Natuurlijk was alleen de mogelijkheid die zich nu aandiende werkelijk. De vissen waren altijd thuis, terwijl ik vergeefs beschutting zocht onder holle denkbeelden. Ik was dan ook groter dan de vissen, groot genoeg om over grenzen heen te kijken. En om te jammeren dat ik mij elders bevond. Reiken naar wat niet was, ontnam mij de kracht om te zwemmen. Ik zou naar de oppervlakte gedreven zijn als de vissen mij niet de diepte hadden ingeduwd.

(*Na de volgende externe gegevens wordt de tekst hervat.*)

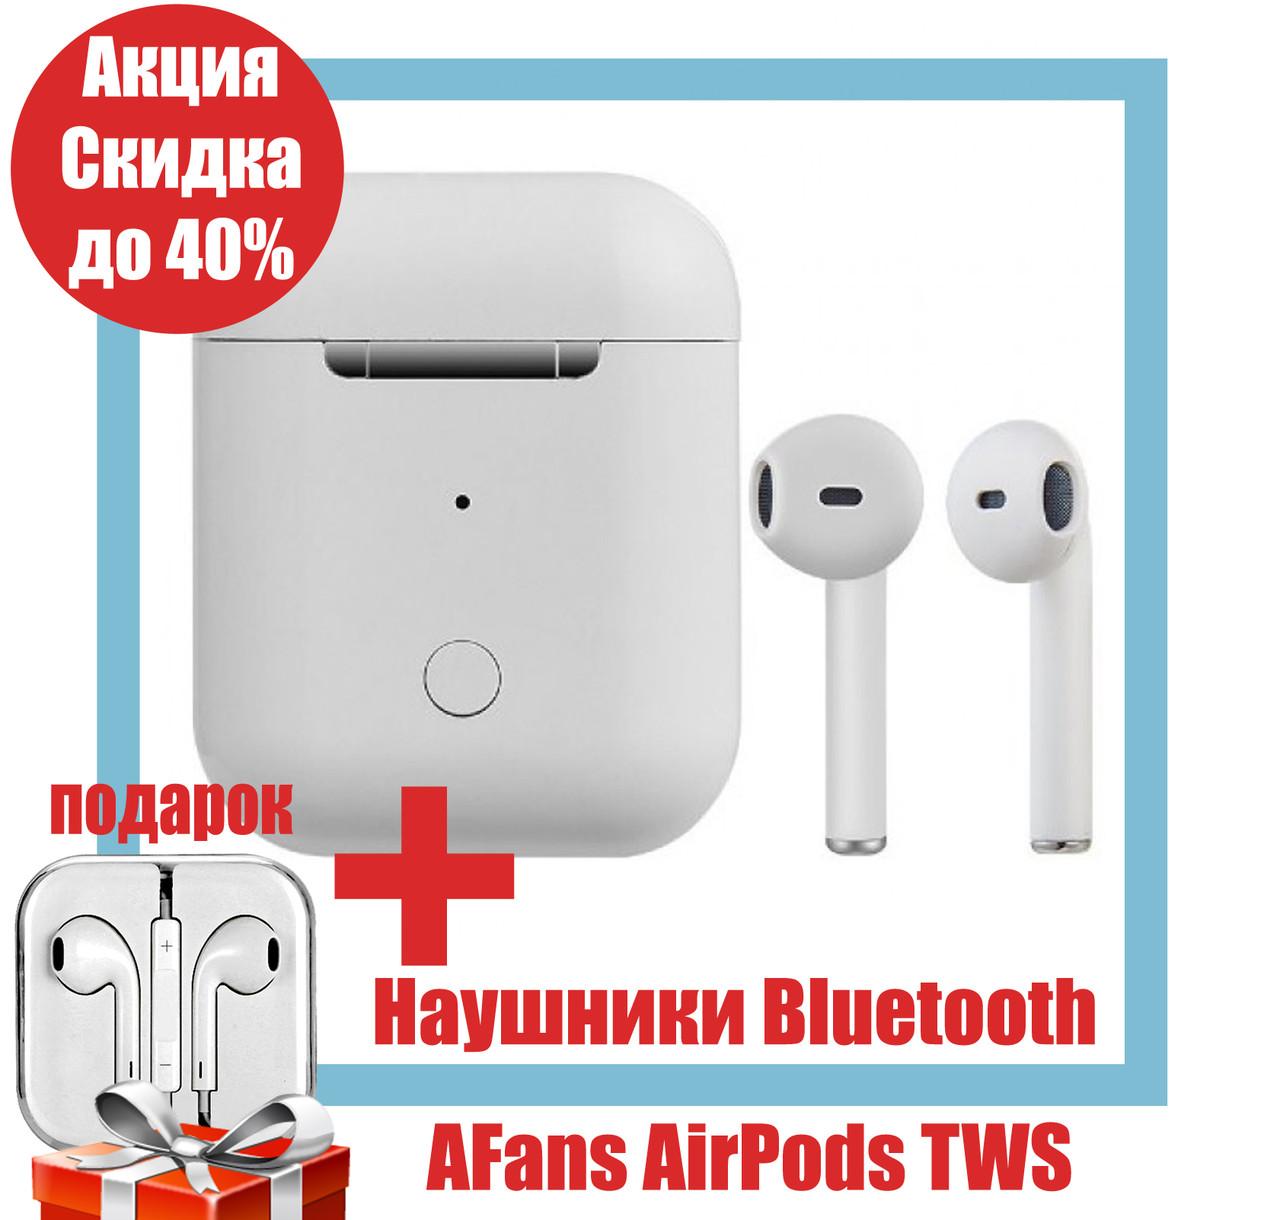 Наушники Afans беспроводные Bluetooth гарнитура с кейсом PowerBank 1000mah QualitiReplica

Hun ogen waren zo gevuld met leven dat ik enkel zuivere leegte kon onderscheiden. Een leegte waar ik slechts van kon nippen zonder te proeven. In hun stilzwijgen ontwaarde ik een lied over de berusting van het komen en gaan. Het levensritme dat omhelst en loslaat, doodknijpt en leven inblaast. Ze lieten zich meevoeren met de oneindige stroom van verschijnen en verdwijnen zonder het besef van iets geweest te zijn. Deze vissen belichaamden de aanvaarding die ik mij eigen kon maken. Aanvaarden was glijden in plaats van schrapen. Dat kon ik zien aan hun intacte glanzende schubben, in contrast met mijn gehavend voorkomen.

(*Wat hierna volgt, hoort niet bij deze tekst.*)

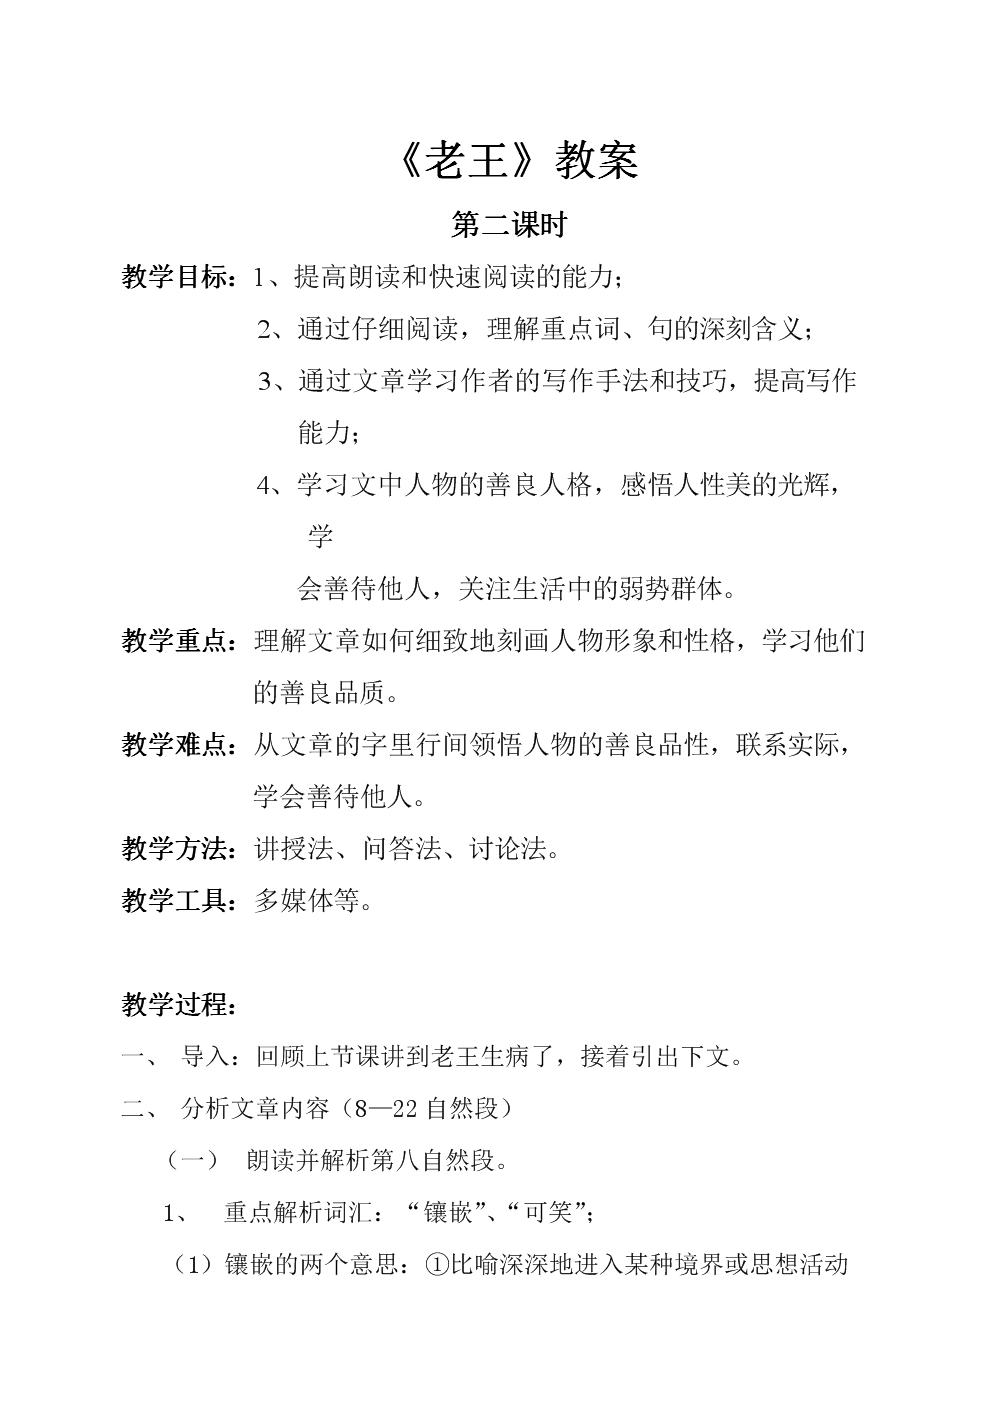 老王教案(第二課時).doc
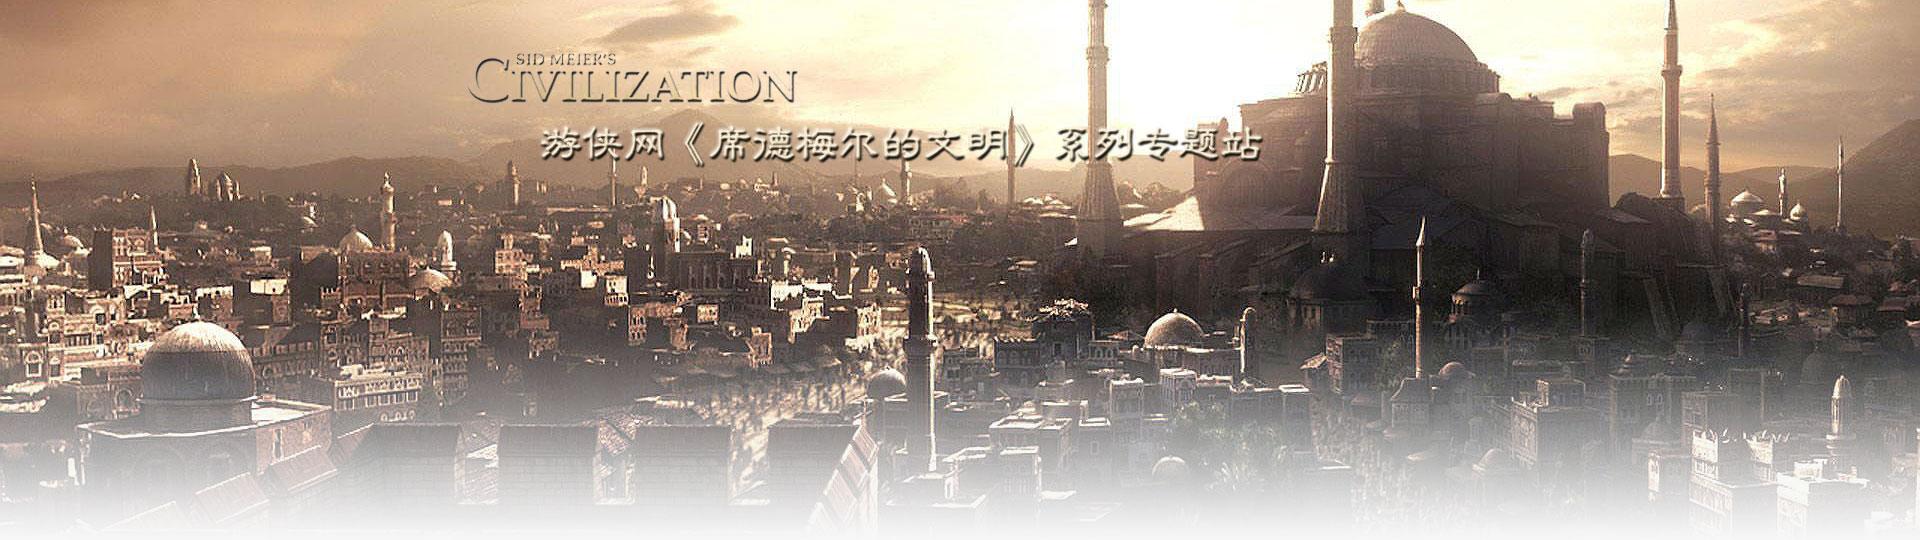 席德梅尔之文明系列

Onder het aquarium hing een A-4tje met instructies en waarschuwingen. Negen uitroeptekens als soldaten naast het stellige verzoek van iemand die streed voor een stipje leven in deze steriele woestijn. Uit het vergeten verleden van de vissen had men voorschriften gefilterd. Alles dat natuurlijk en vanzelf ging, werd hier gereguleerd. De repetitieve opname van parameters had van intuïtie een mythe gemaakt. Regelmaat was de moeder van kleine zekerheden. Ook ik had mij onder haar vleugels genesteld. In de gelatenheid van de vissen las ik hun weerbaarheid. Onwetendheid was het pantser waarmee ze het bewustzijn uit hun wezen hielden.
Grillige narcosedromen riepen mij weer te bed. Ik zei tegen de vissen dat ik zou terugkeren, maar deed dat uiteindelijk niet. Deze eenmalige ontmoeting bleef zich wel caleidoscopisch ontvouwen. Hun onuitgesproken woorden nestelden zich in mijn voornemens. De herinnering werd verankerd, houvast bij felle wind. Het benoemen der dingen vond nog weinig hechting na mijn bezoek aan het aquarium. De laagjes betekenis die ik overheen ervaringen schilderde, vertoonden al snel barsten. Ik hing mijn interpretaties aan de haak en wortelde in stilstand. Daar, zonder gewoel, zou ik gaan bloeien. In het meest vruchtbare zijn dat om niets vroeg.